Herpetocetus morrowi, El Adli & Deméré & Boessenecker, 2014

HERPETOCETUS MORROWI

One of the inherent problems faced by systematic palaeontologists is how to deal with morphological variation in the recognition and diagnosis of fossil species. As in extant organisms, morphological variation within a given population is expressed as intraspecific variation amongst individuals of the same ontogenetic age, amongst individuals of different ontogenetic ages, and between individuals of different sexes. As vertebrate palaeontologists often have only a few specimens available for study for any given taxon, it is not unusual for specimens representing each of these different expressions of intraspecific variation to be assigned to different species. This problem of the biological meaning of morphological variation lies at the core of the age-old conundrum of taxonomic lumping vs. taxonomic splitting. It needs to be borne in mind that just as failure to recognize intraspecific variation can lead to overestimates of palaeobiodiversity and related phylogenetic errors, failure to recognize interspecific variation can lead to underestimates of palaeobiodiversity and errors in phylogeny. Thus, when the opportunity arises to study a relatively large suite of vertebrate fossil specimens of a single species, it is cause for celebration.

A good example of ontogenetic variation within H. morrowi is seen in the morphological series of squamosals starting with the smallest and most juvenile specimen, SDNHM 125833, and followed by the progressively more mature specimens, SDNHM 34155, UCMP 124950, and SDNHM 65781, respectively. When viewed as an ontogenetic series, these specimens reveal variation in the degree of anterolateral rotation of the postglenoid process, wherein the almost transversely orientated process in SDNHM 125833 becomes progressively more anterolaterally rotated in successively more mature specimens. Anterolateral rotation of the postglenoid process has also resulted in a broad lateral exposure of the external surface of the postglenoid process in adult herpetocetines, which has given the posterior portion of the squamosal its broadly triangular appearance ( Fig. 24 View Figure 24 ). In juvenile individuals (SDNHM 125833) the posterior surface of the postglenoid process is orientated roughly perpendicular to the lateral surface of the zygomatic process of the squamosal and forms the anterior margin of the external auditory meatus. In successively more mature individuals (SDNHM 34155, UCMP 124950, and SDNHM 65781) the anterolateral rotation of the postglenoid process results in the posterior surface of the process assuming a more lateral orientation wherein this surface no longer forms the anterior margin of the external auditory meatus, but instead is positioned roughly in the same plane as the lateral surface of the zygomatic process. This same squamosal morphological series also reveals that the relative form of the articular surface of the glenoid fossa, which is transversely and longitudinally convex in less mature specimens (SDNHM 125833 and SDNHM 34155), becomes transversely and longitudinally planar to slightly concave in more mature specimens (SDNHM 65781). Further, the apex of the postglenoid process in juvenile individuals tapers distally to a relatively sharp edge, whereas in more mature individuals (SDNHM 65781), the apex of the postglenoid process is expanded and flattened to form an approximately lenticular (in ventral view), flattened heel that extends continuously from the posteromedial corner of the postglenoid process anteriorly around and onto the anterolateral margin of the process ( Figs 18 View Figure 18 , 19 View Figure 19 ).
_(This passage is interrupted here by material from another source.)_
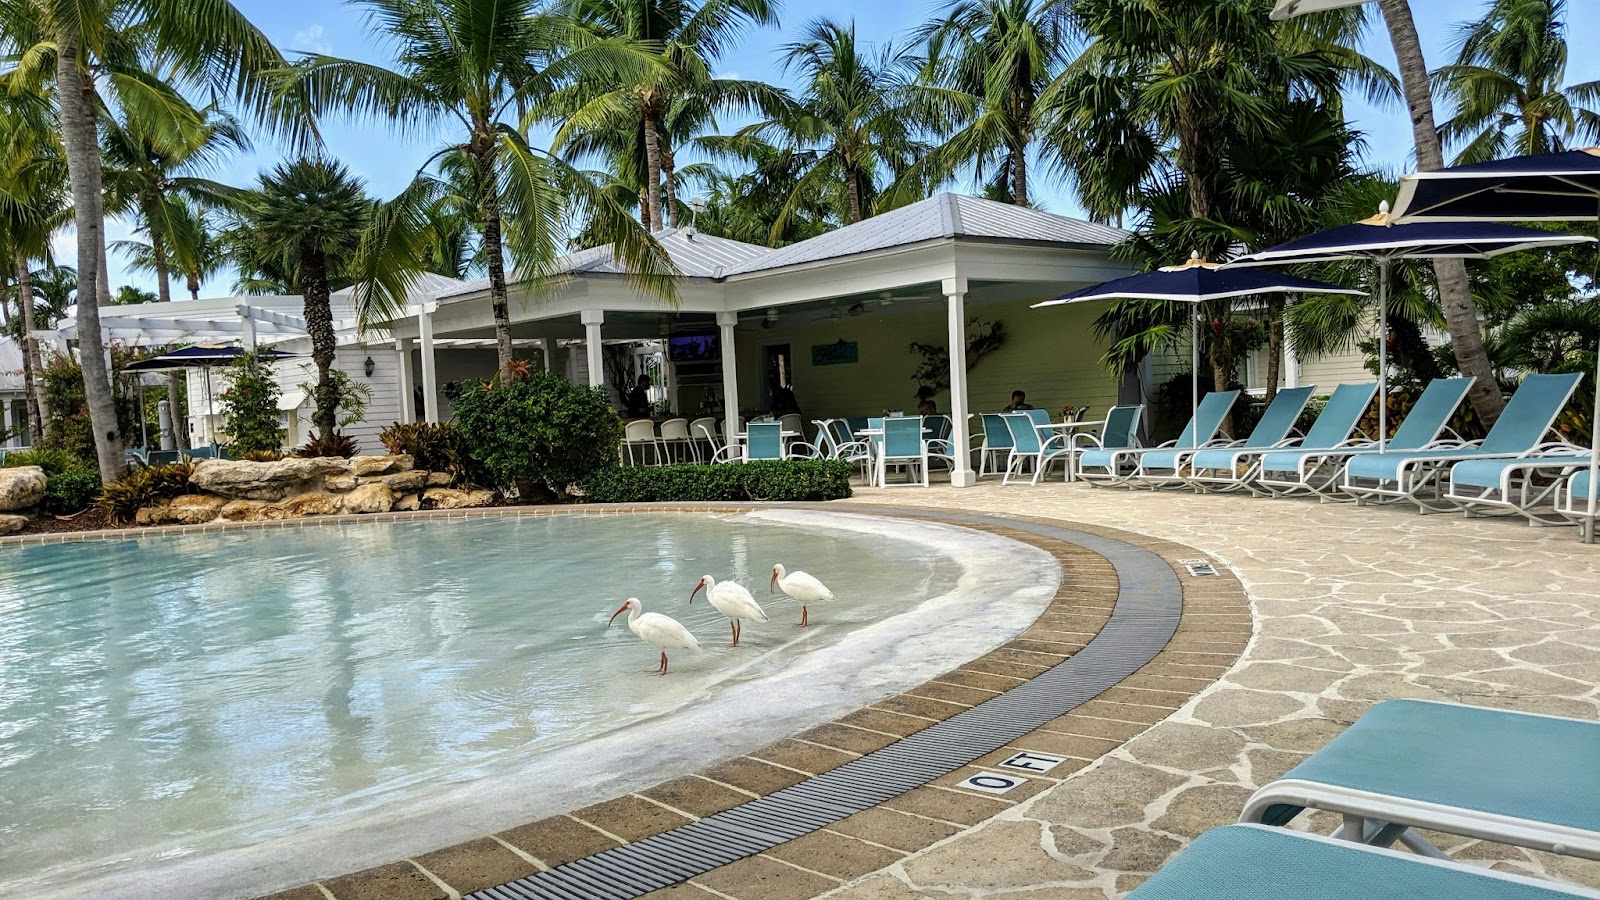 These luxury resorts are some of the best reasons for travelers to visit the Florida Keys.
pictured: a resort in the Florida Keys

The exoccipital also preserves an instructive morphological series that probably translates into an ontogenetic series. The occipital condyles in SDNHM 90484, SDNHM 31455, and UCMP 124950 are relatively broad and closely appressed to the adjacent planar surfaces of the exoccipitals, whereas the occipital condyles in SDNHM 65781 (a developmentally more mature individual) are more well defined and set off from the exoccipitals by a distinct neck. This same degree of morphological variation was used by Whitmore & Barnes (2008) to propose that the holotype skulls of H. transatlanticus and N. eremus represented immature individuals, whereas the holotype skull of H. bramblei (with its well-defined occipital condyles) was suggested to represent a mature individual.

The variable degree of development of the anterior and posterior processes of the petrosal in H. morrowi appears to represent yet another ontogenetic series, with juvenile specimens (SDNHM 38689) possessing an anteroposteriorly short anterior process and distally short and narrow posterior process, whereas more mature specimens (UCMP 124950 and SDNHM 63690) display a relatively longer anterior process and more distally elongated and wider posterior process. Bisconti (2001) noted a similar ontogenetic series in the petrosals of juvenile and adult fin whales ( Balaenoptera physalus Linnaeus, 1758 ).